Segment Start: SUPPLIED MATERIAL

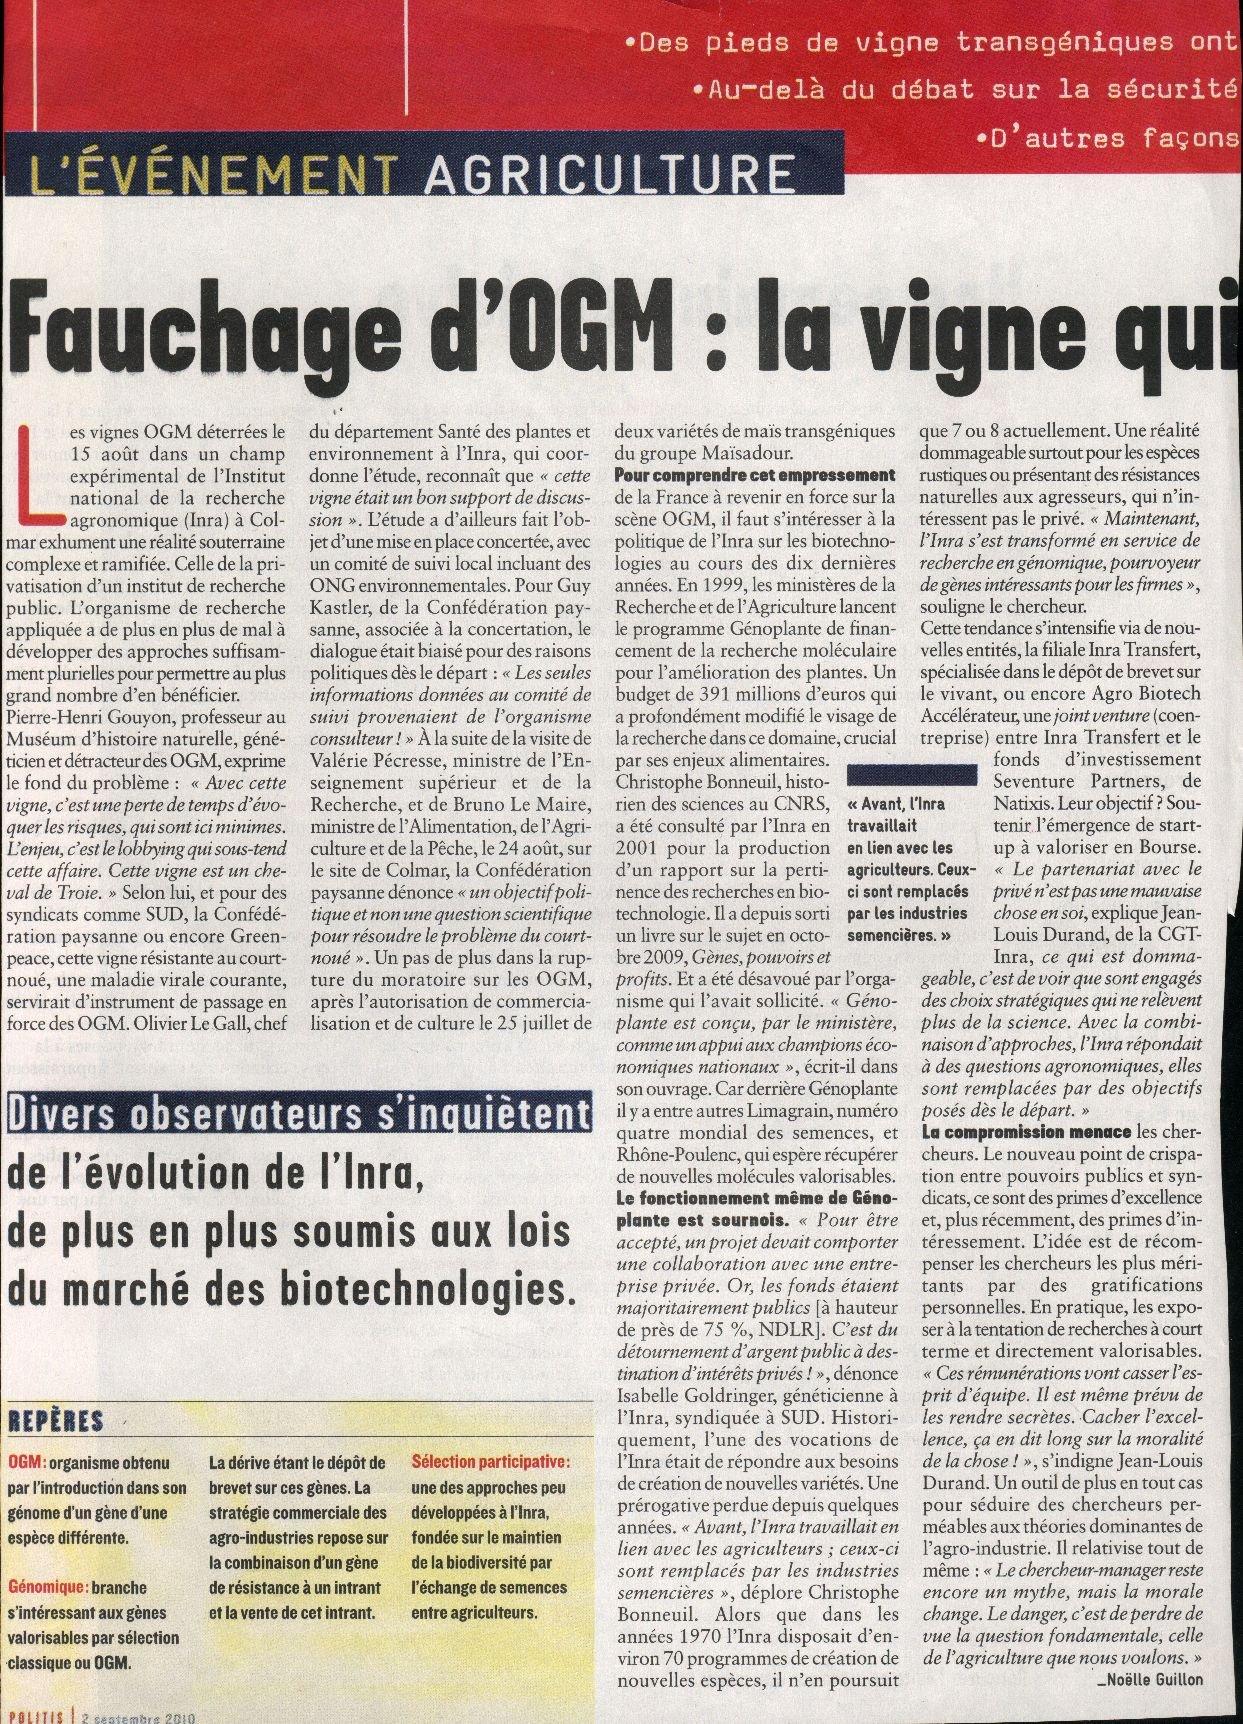 http://sd-1.archive-host.com/membres/up/83700288762628507/ogm_colmar/fauchage_0001.jpg
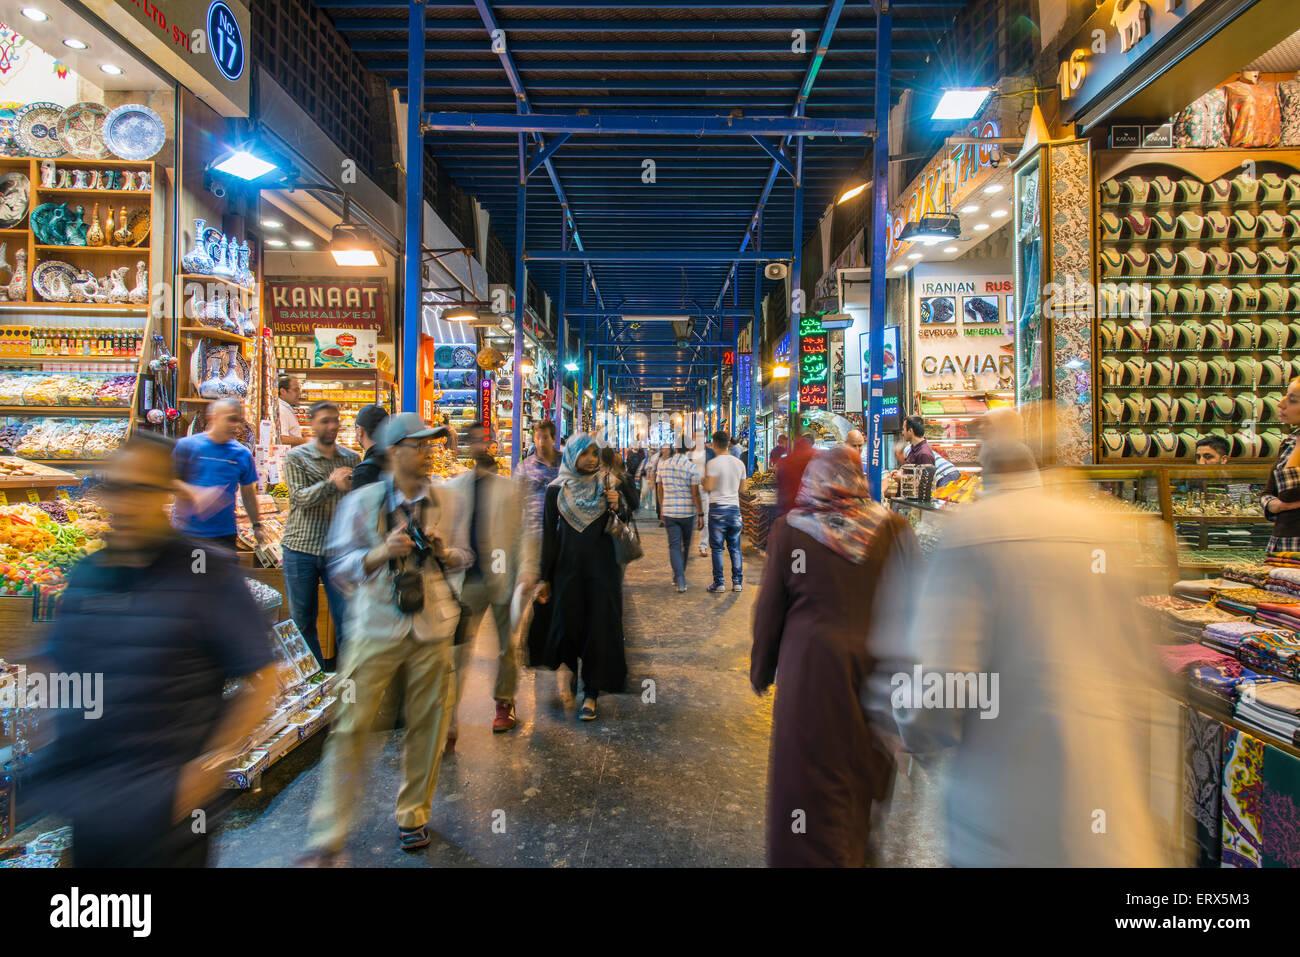 Interior view of the Spice Bazaar or Egyptian Bazaar, Istanbul, Turkey - Stock Image
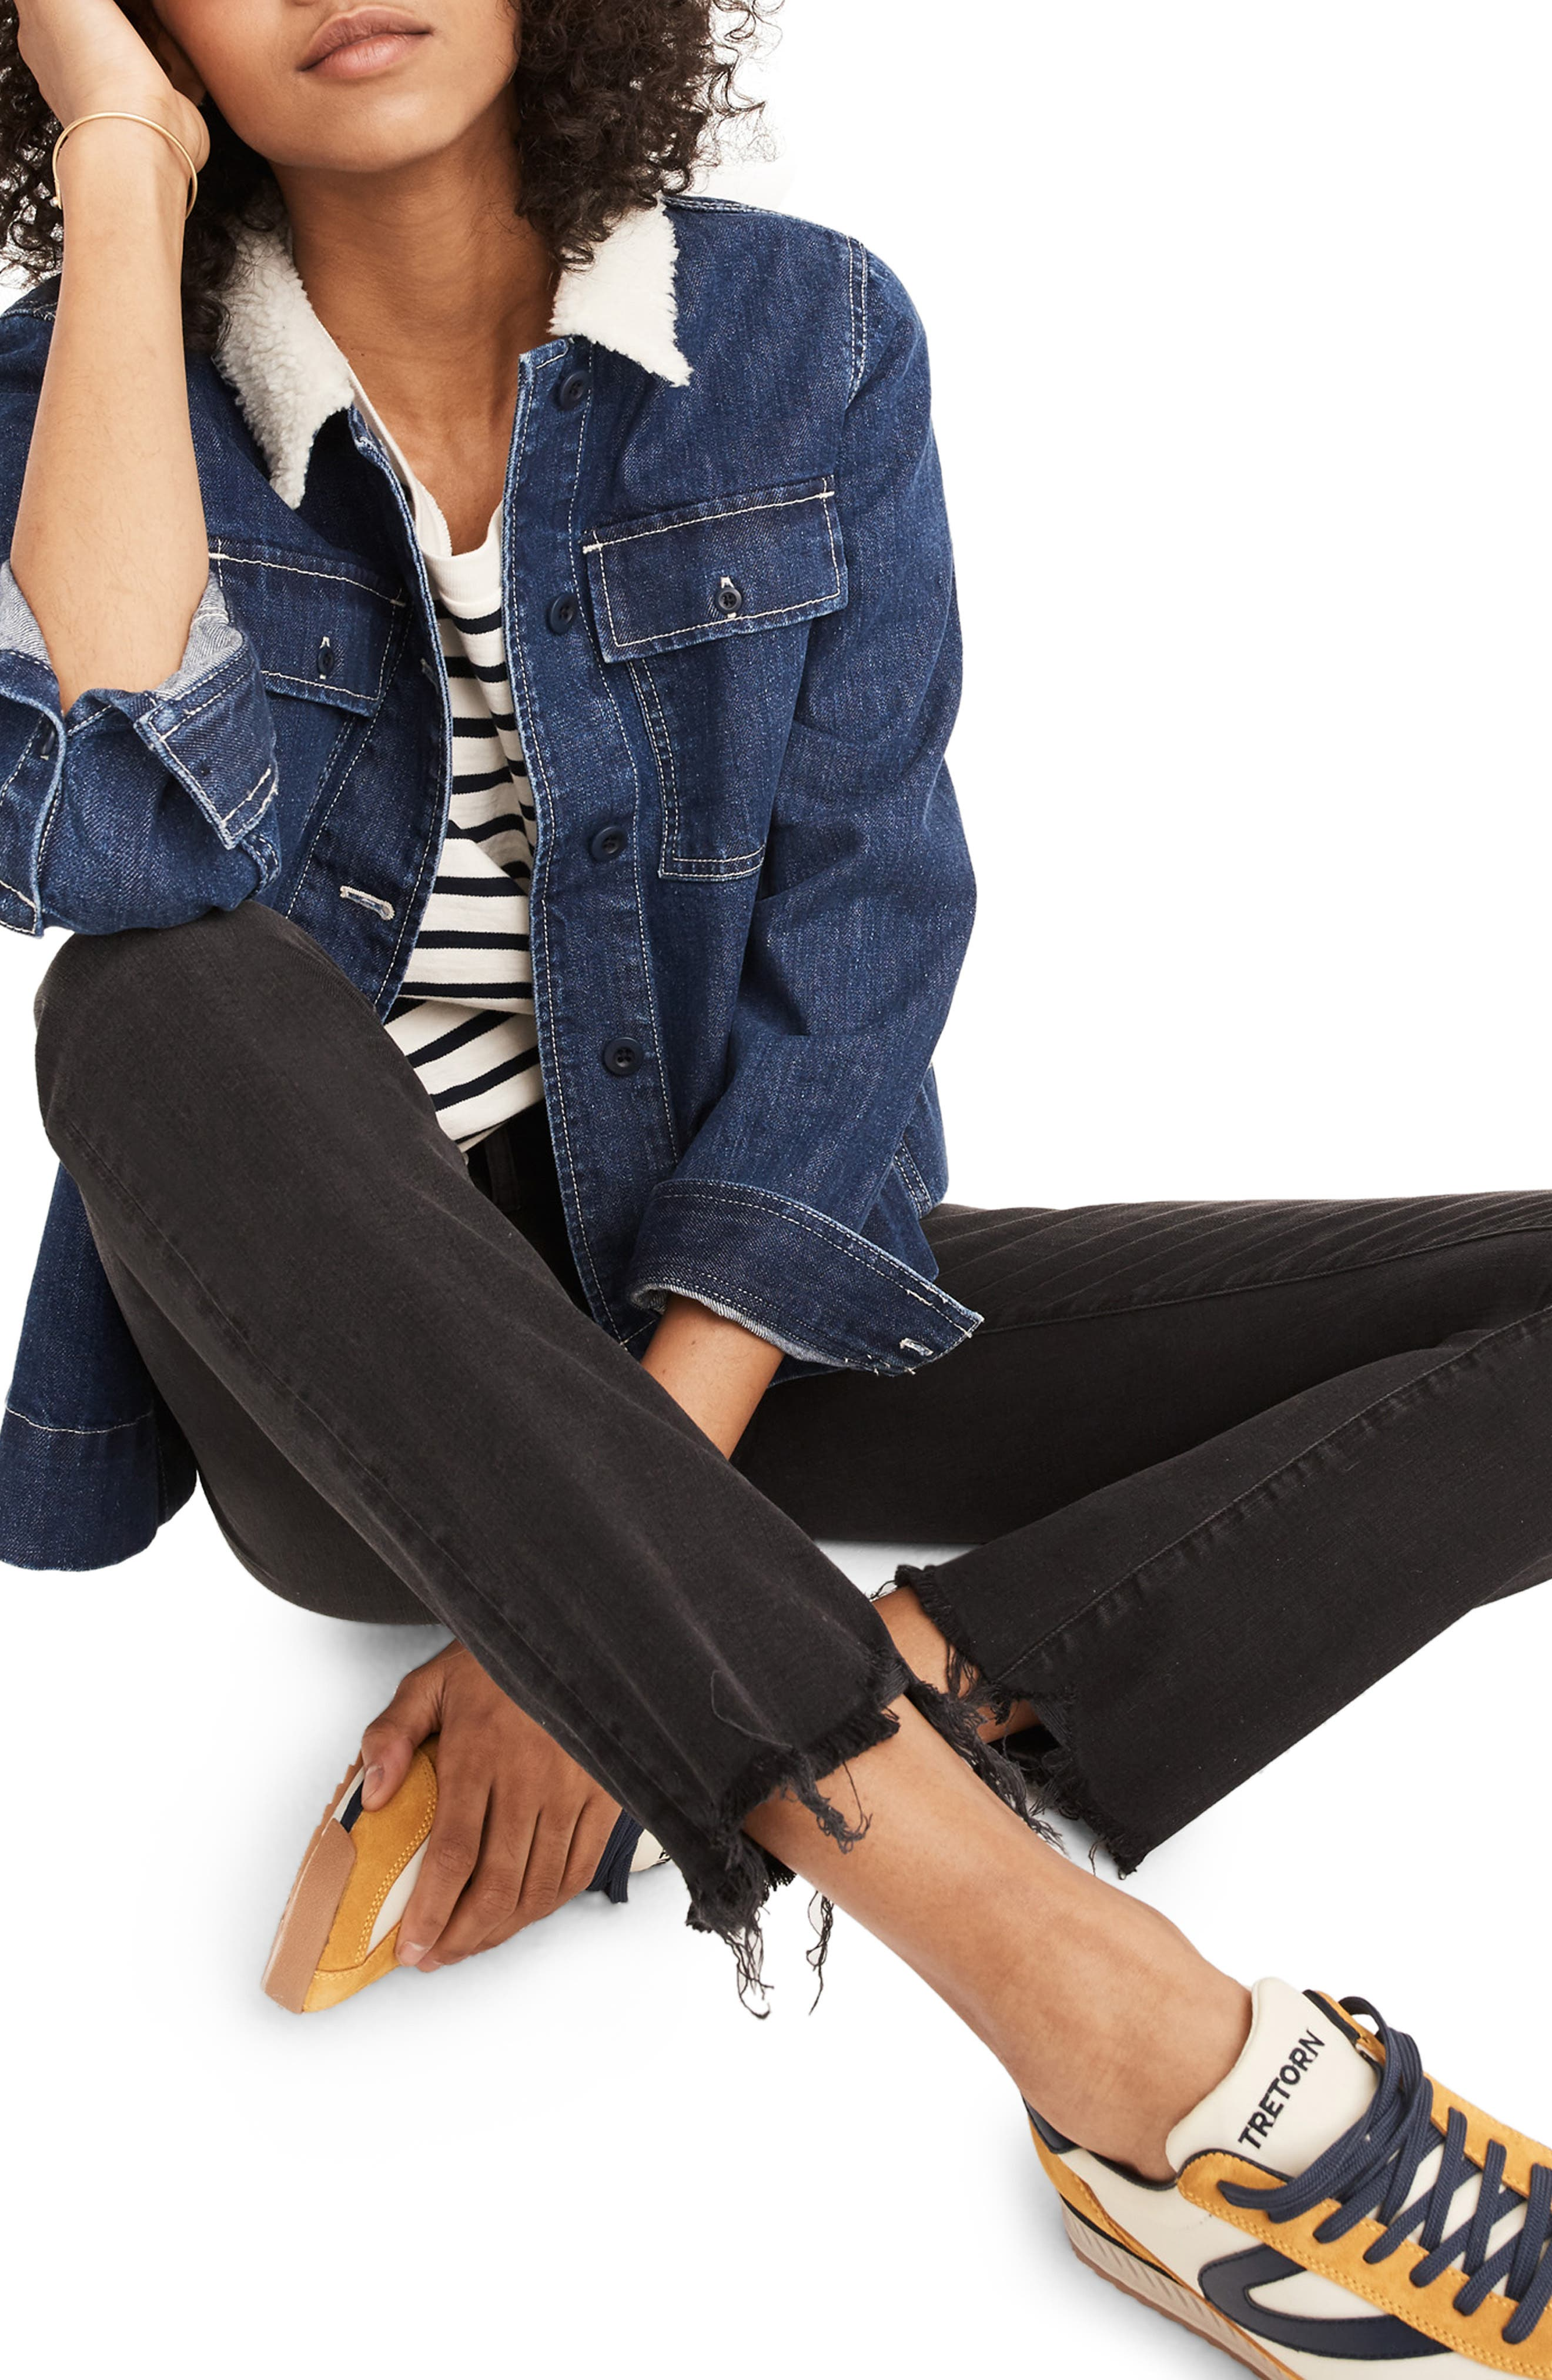 MADEWELL, Cali Chewed Hem Demi Bootcut Jeans, Main thumbnail 1, color, BERKELEY

Segment End: SUPPLIED MATERIAL

#### PROBLEM DESCRIPTION:
Copy out each line of the data exactly as it reads; skip the pictures.

#### RESULT:
 http://sd-1.archive-host.com/membres/up/83700288762628507/ogm_colmar/fauchage_0001.jpg
 Interior view of the Spice Bazaar or Egyptian Bazaar, Istanbul, Turkey - Stock Image
 MADEWELL, Cali Chewed Hem Demi Bootcut Jeans, Main thumbnail 1, color, BERKELEY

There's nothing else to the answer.